Initially there are m balls in one bag, and n in the other, where m, n > 0. Two different operations are allowed:
(a) Remove an equal number of balls from each bag;
(b) Double the number of balls in one bag.
Is it always possible to empty both bags after a finite sequence of operations?
Operation (b) is now replaced with (c):
(c) Triple the number of balls in one bag.
Is it always possible to empty both bags after a finite sequence of operations?
(a),(b): Double the number of balls in the bag that contains the smaller number, until that number becomes at least as big as the number of balls in the other (if $m=n$, this is omittted). This is possible since $m,n > 0$.

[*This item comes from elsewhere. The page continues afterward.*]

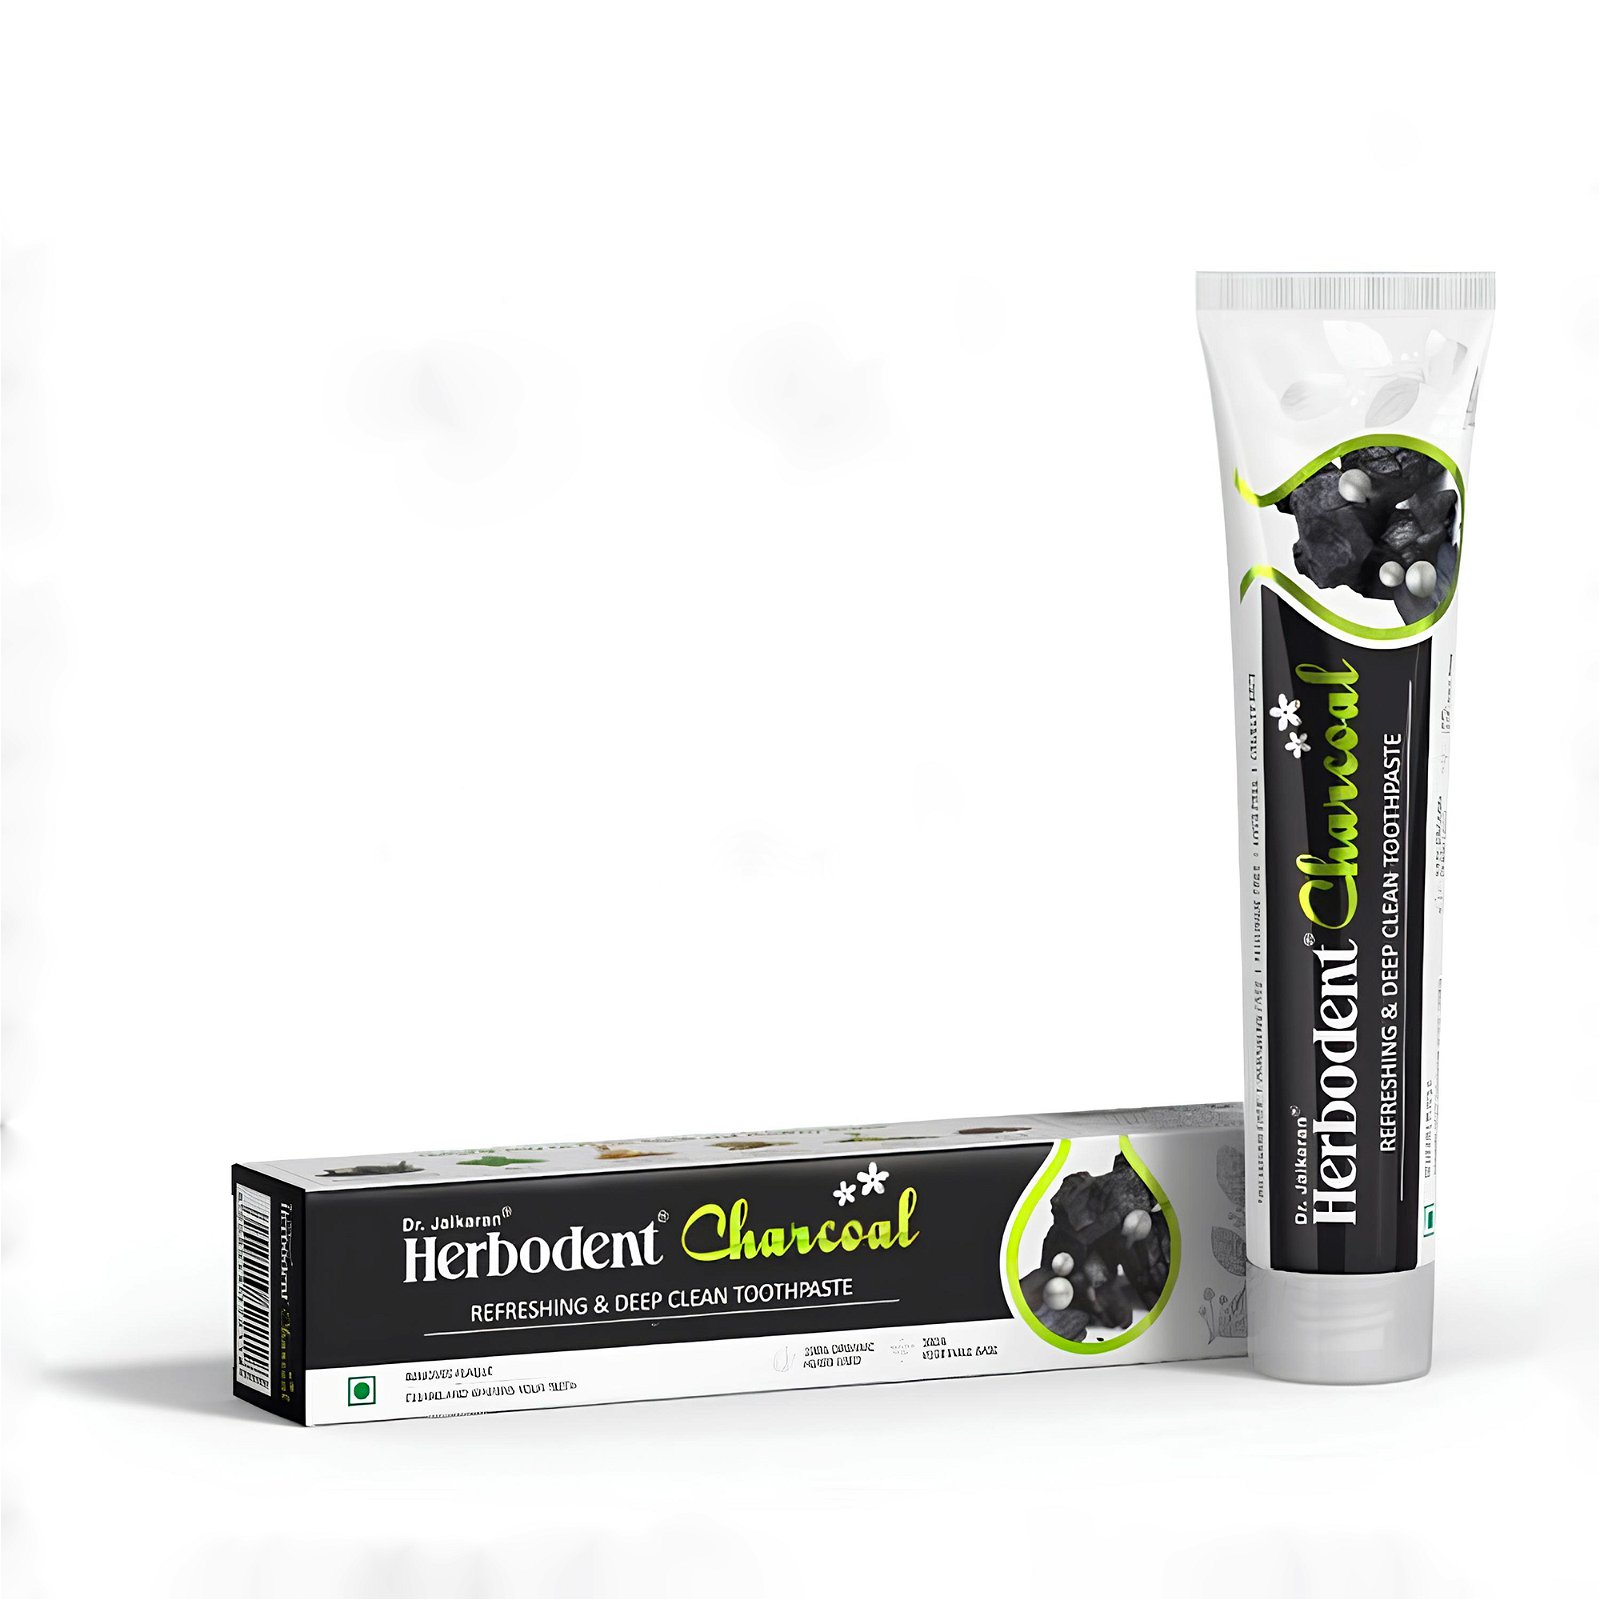 Купить Зубная паста Хербодент Чаркоул (Активированный уголь), Dr. Jaikaran, 100 гр в интернет-магазине #store#
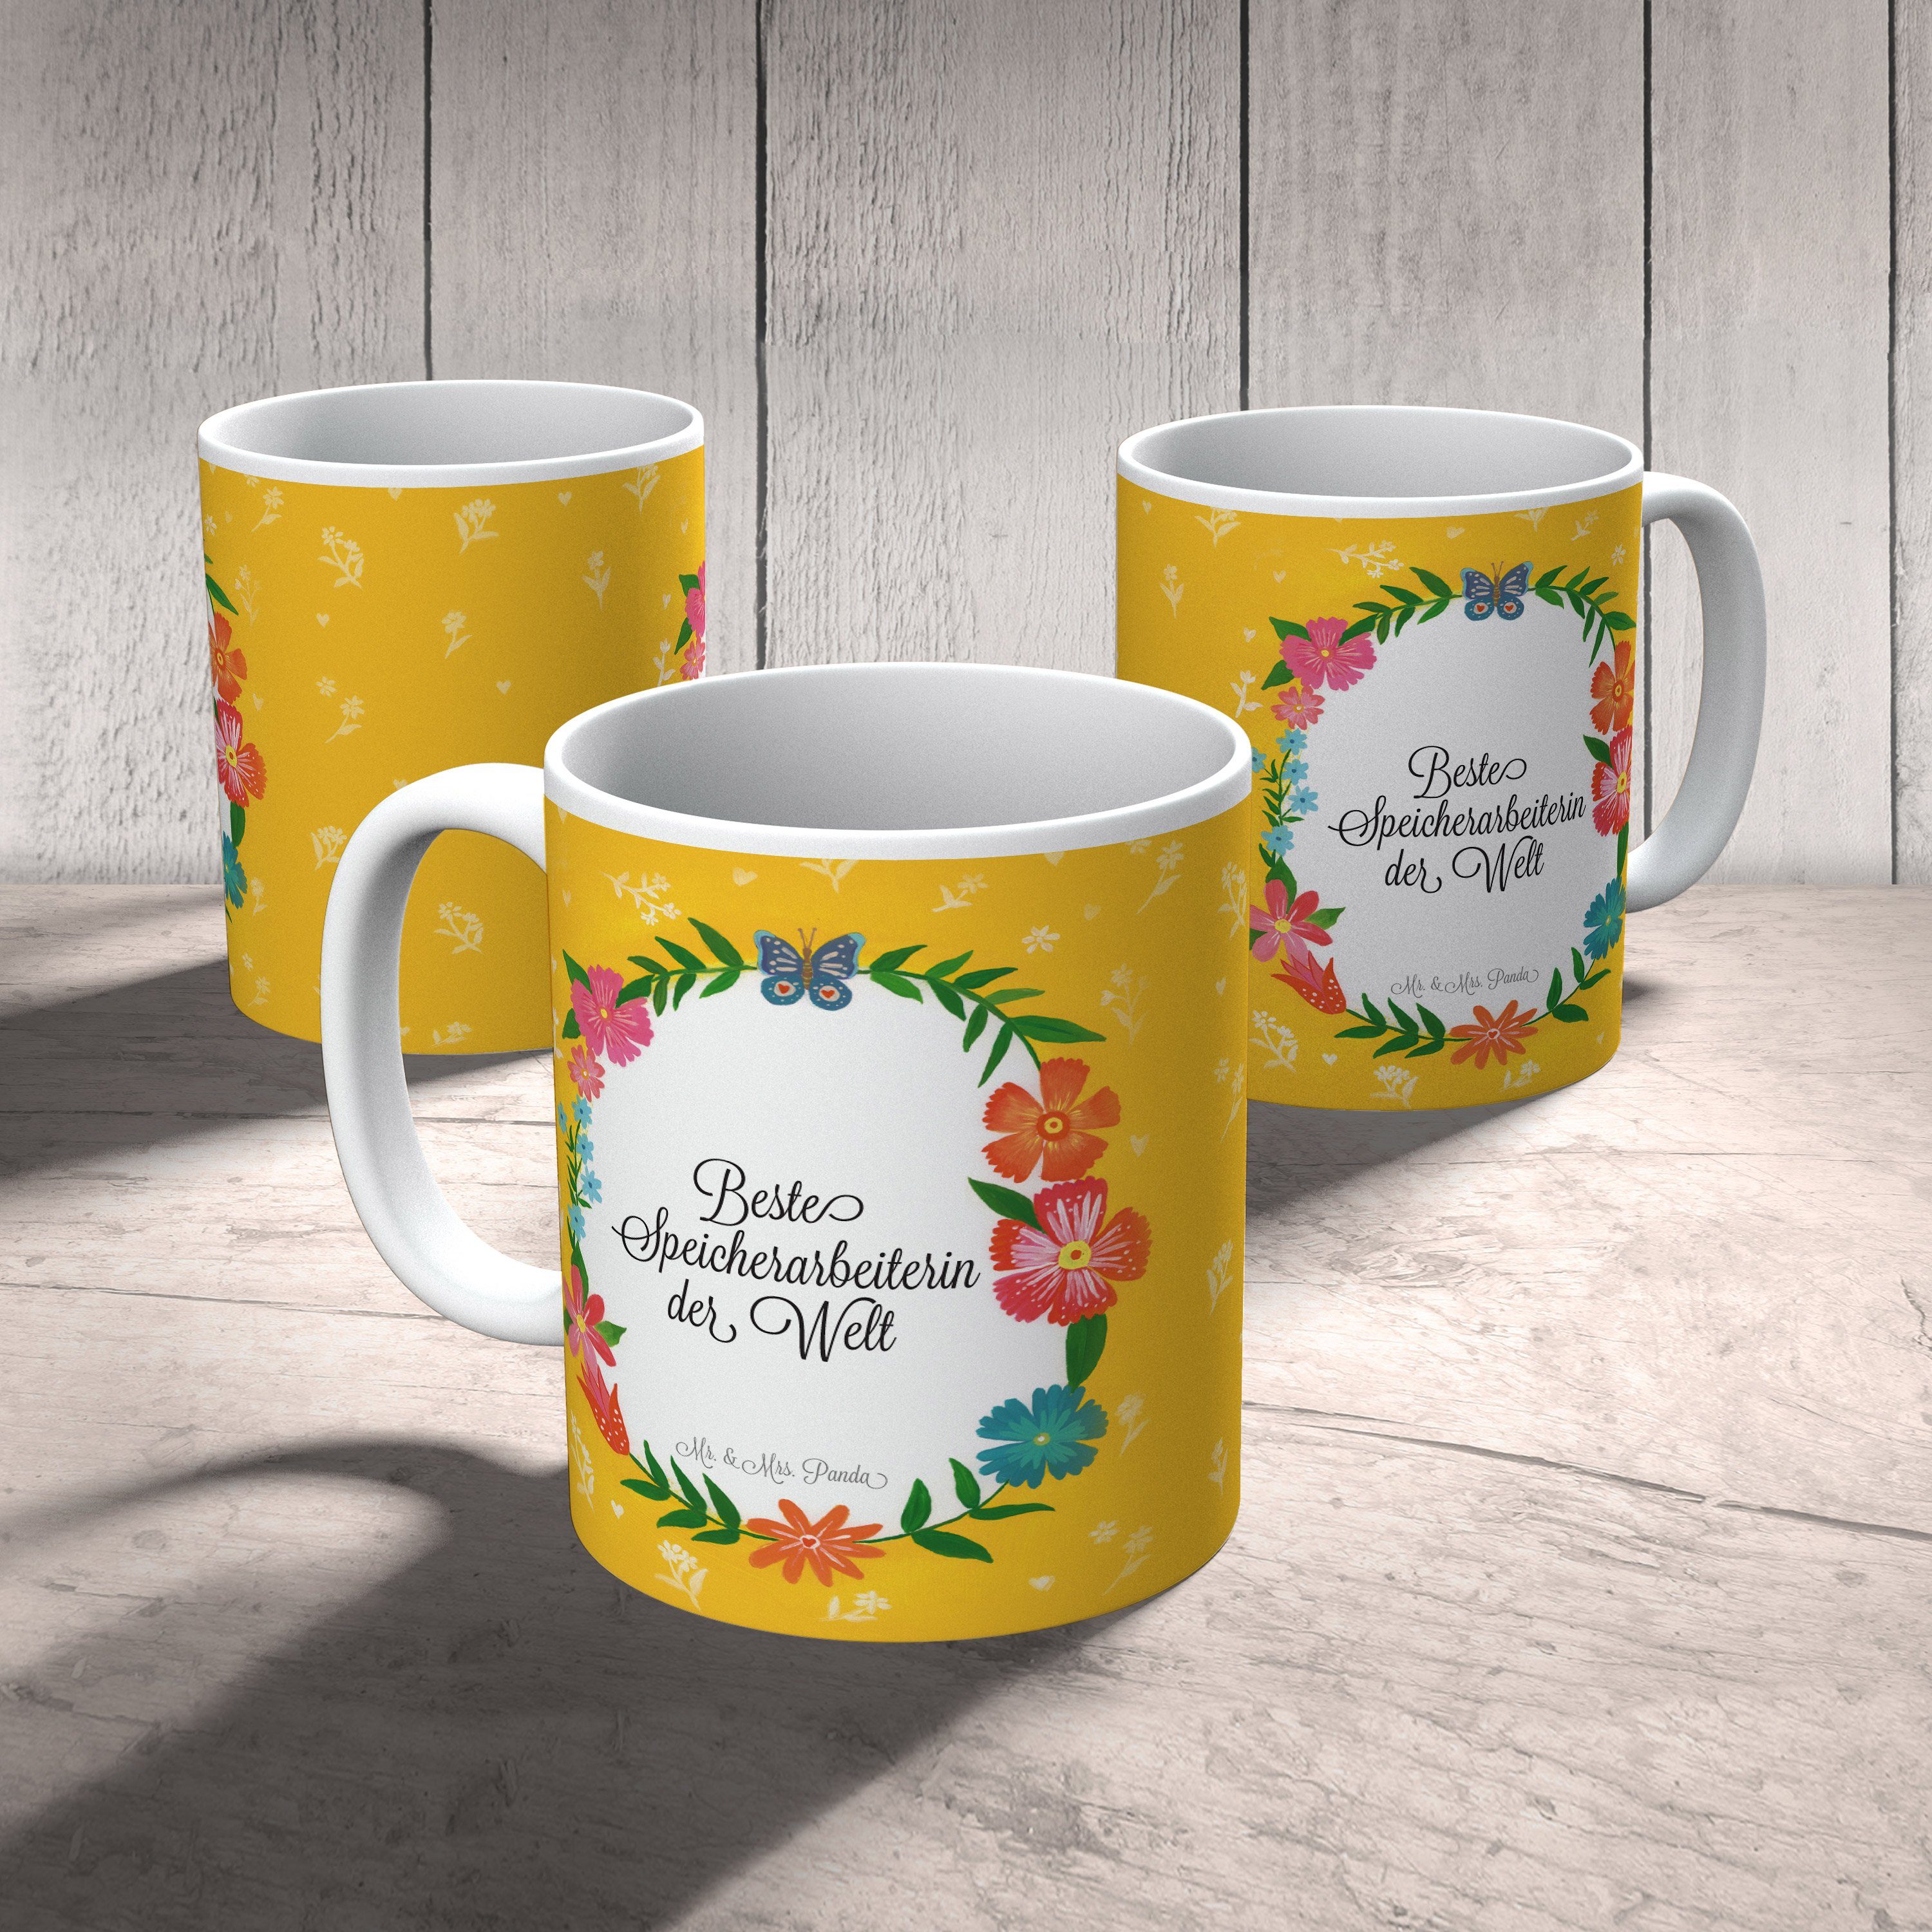 Geschenk, Berufsausbildung, Tasse Speicherarbeiterin Kaffeetasse, & Abschlu, Mr. Keramik Mrs. Panda -

We now have 2 bags with $x$ and $y$ balls, satisfying $x\ge y > x/2$. Take now $2y-x$ balls from each bag, which is a positive number and at most as big as the smaller number of balls in the bags, as $y \ge 2y-x \Leftrightarrow 0 \ge y-x \Leftrightarrow x \ge y$.
This leaves $2x-2y$ balls in the bag that just had $x$ balls and $x-y$ balls in the bag that just had $y$ balls. Double the number of balls in the latter, then you have $2x-2y$ balls in both bags, and take them all out to get 2 empty bags.
(a),(c): Note that the total number of balls in both bags changes by an even amount for both operations (a) and (c). That means it is impossible to get to a total of $0$ balls in both bags from the starting position if $m+n$ is odd.